_About this exercise_: The listing below is to be given again in full and word for word, without its images.

_Source data_:
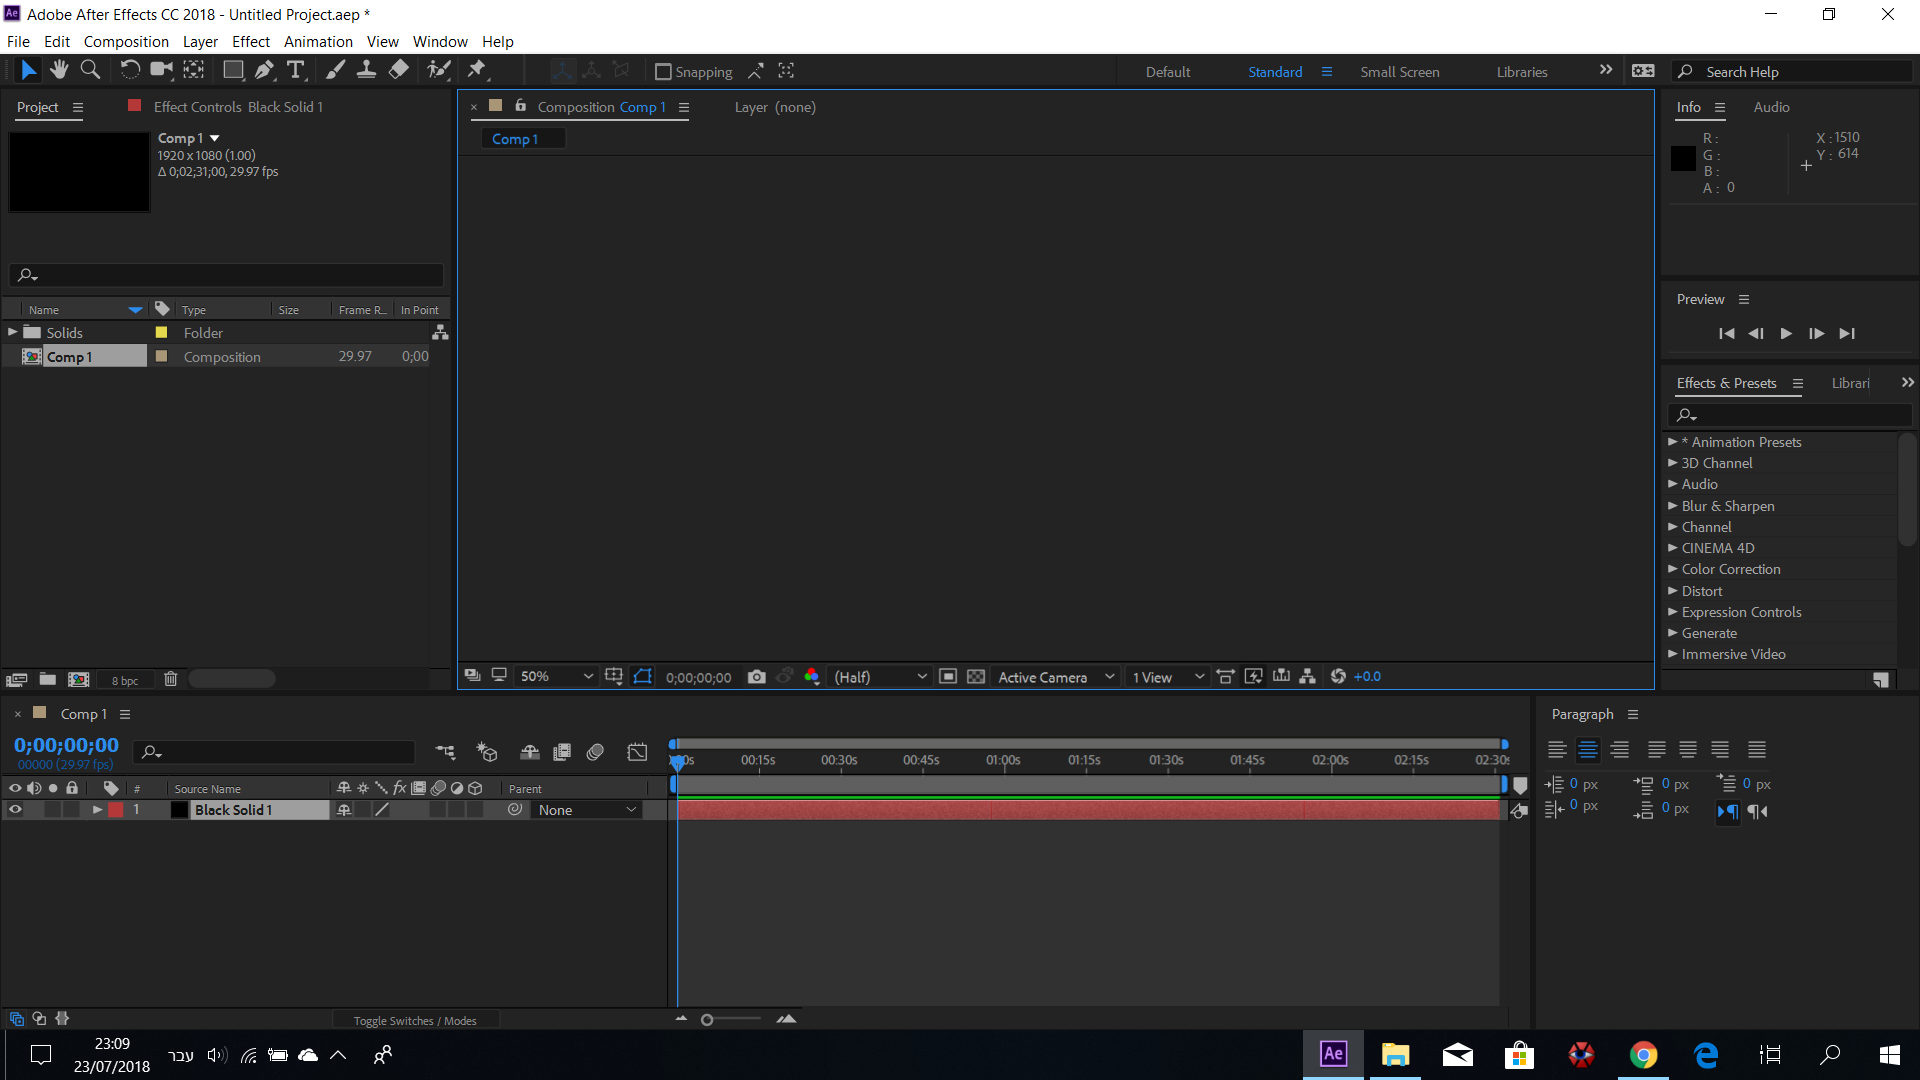 adobe after effects download stuck at 10 percent
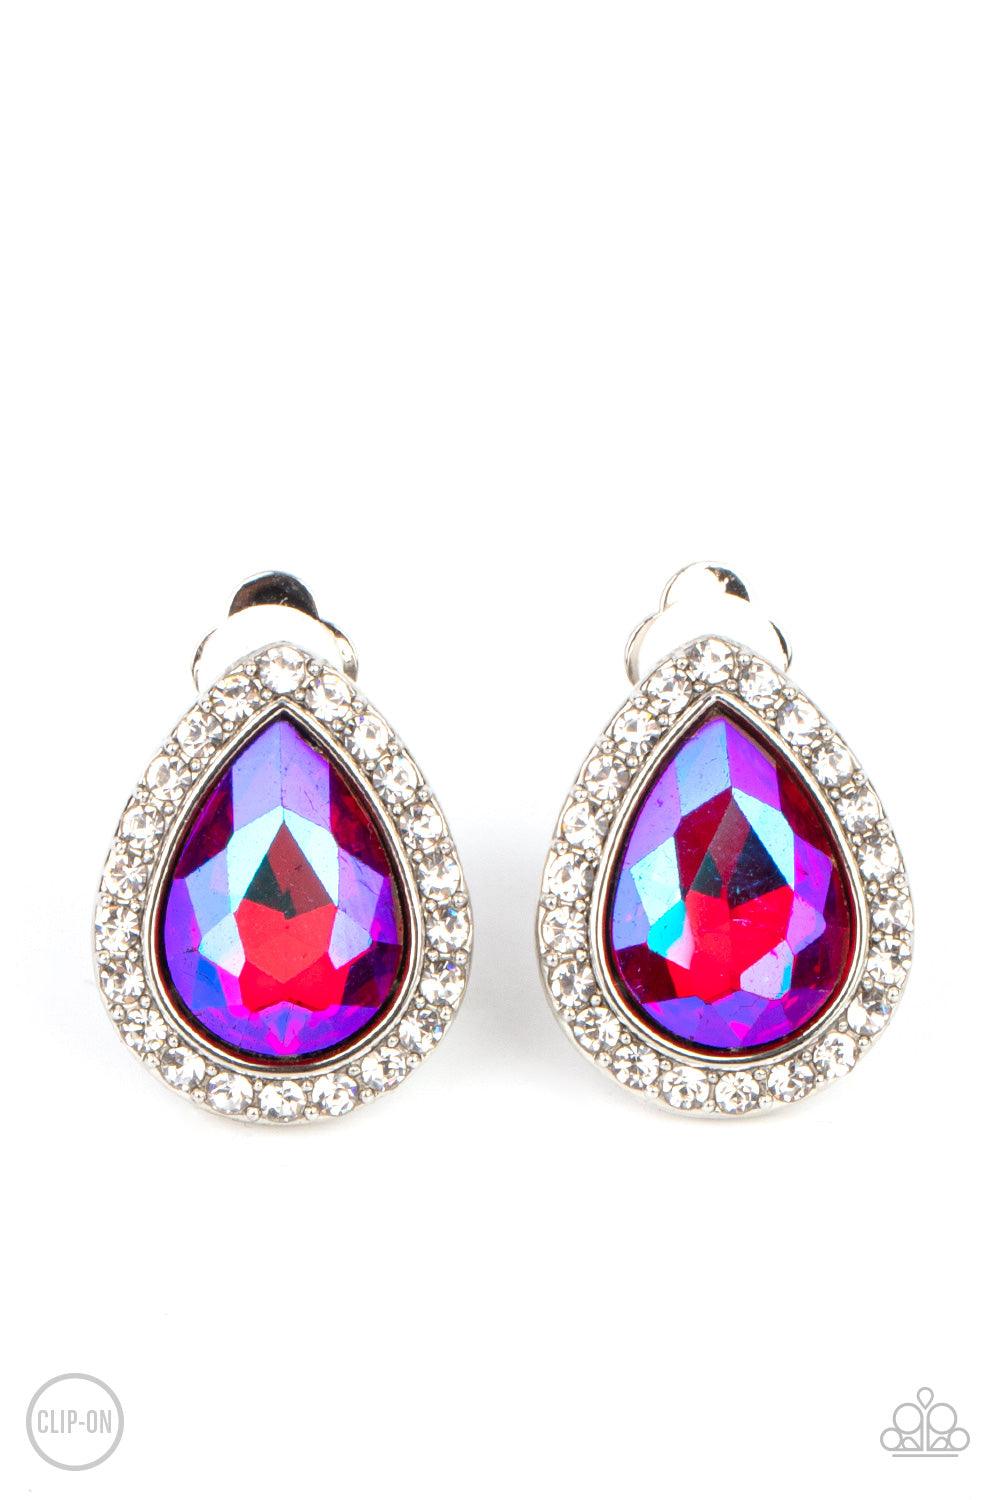 Paparazzi Accessories Cosmic Castles - Pink *Clip-On Featuring a flashy UV finish, a faceted pink teardrop gem is pressed into a silver frame bordered with glittery white rhinestones for a glamorous finish. Earring attaches to a standard clip-on fitting.
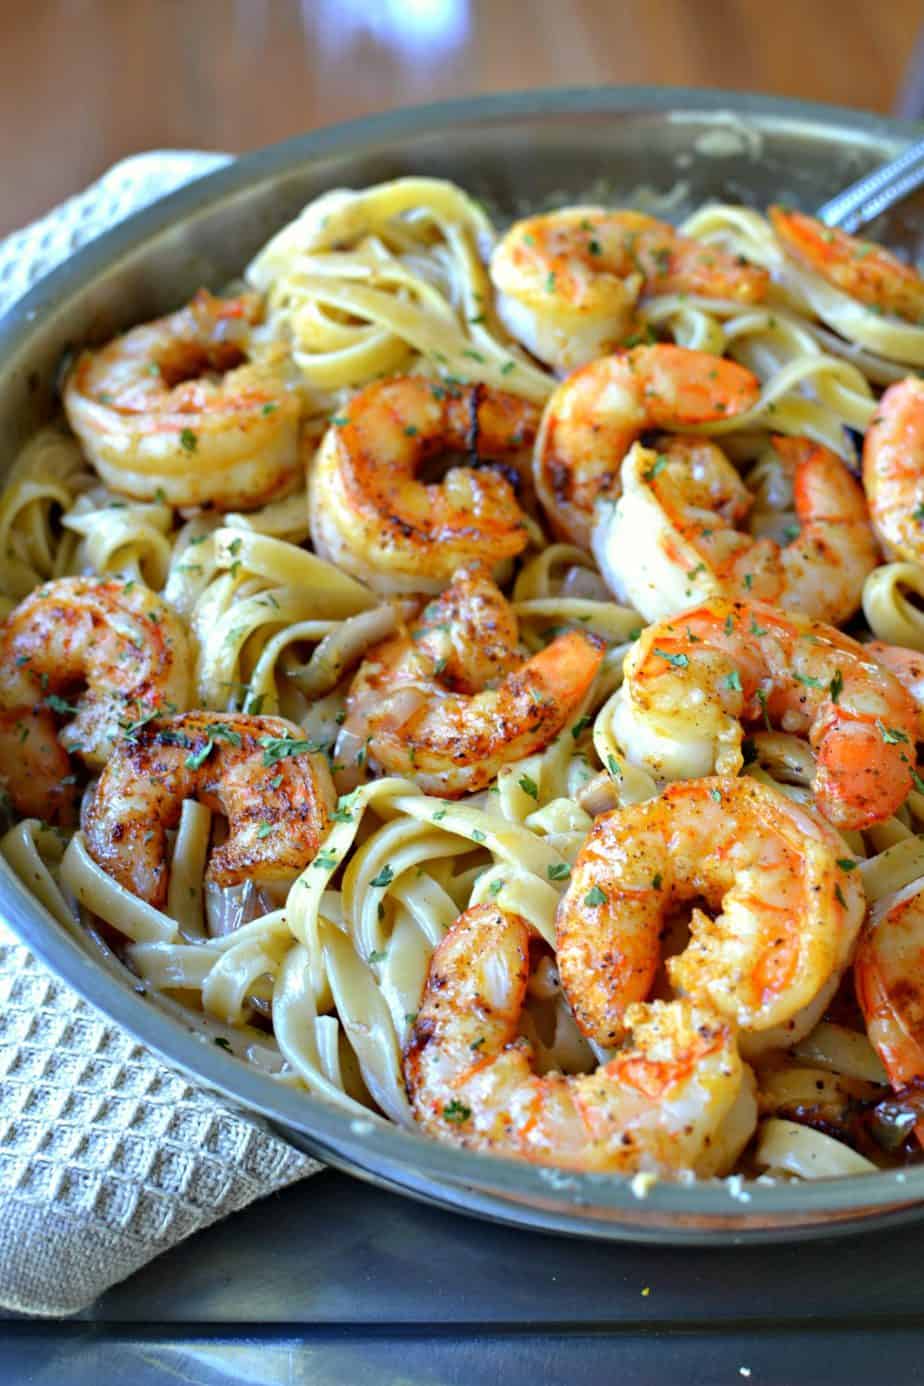 This Cajun Shrimp Pasta is easy enough for even the novice cook.

_Solved exercise_:
 adobe after effects download stuck at 10 percent
 Paparazzi Accessories Cosmic Castles - Pink *Clip-On Featuring a flashy UV finish, a faceted pink teardrop gem is pressed into a silver frame bordered with glittery white rhinestones for a glamorous finish. Earring attaches to a standard clip-on fitting.
 This Cajun Shrimp Pasta is easy enough for even the novice cook.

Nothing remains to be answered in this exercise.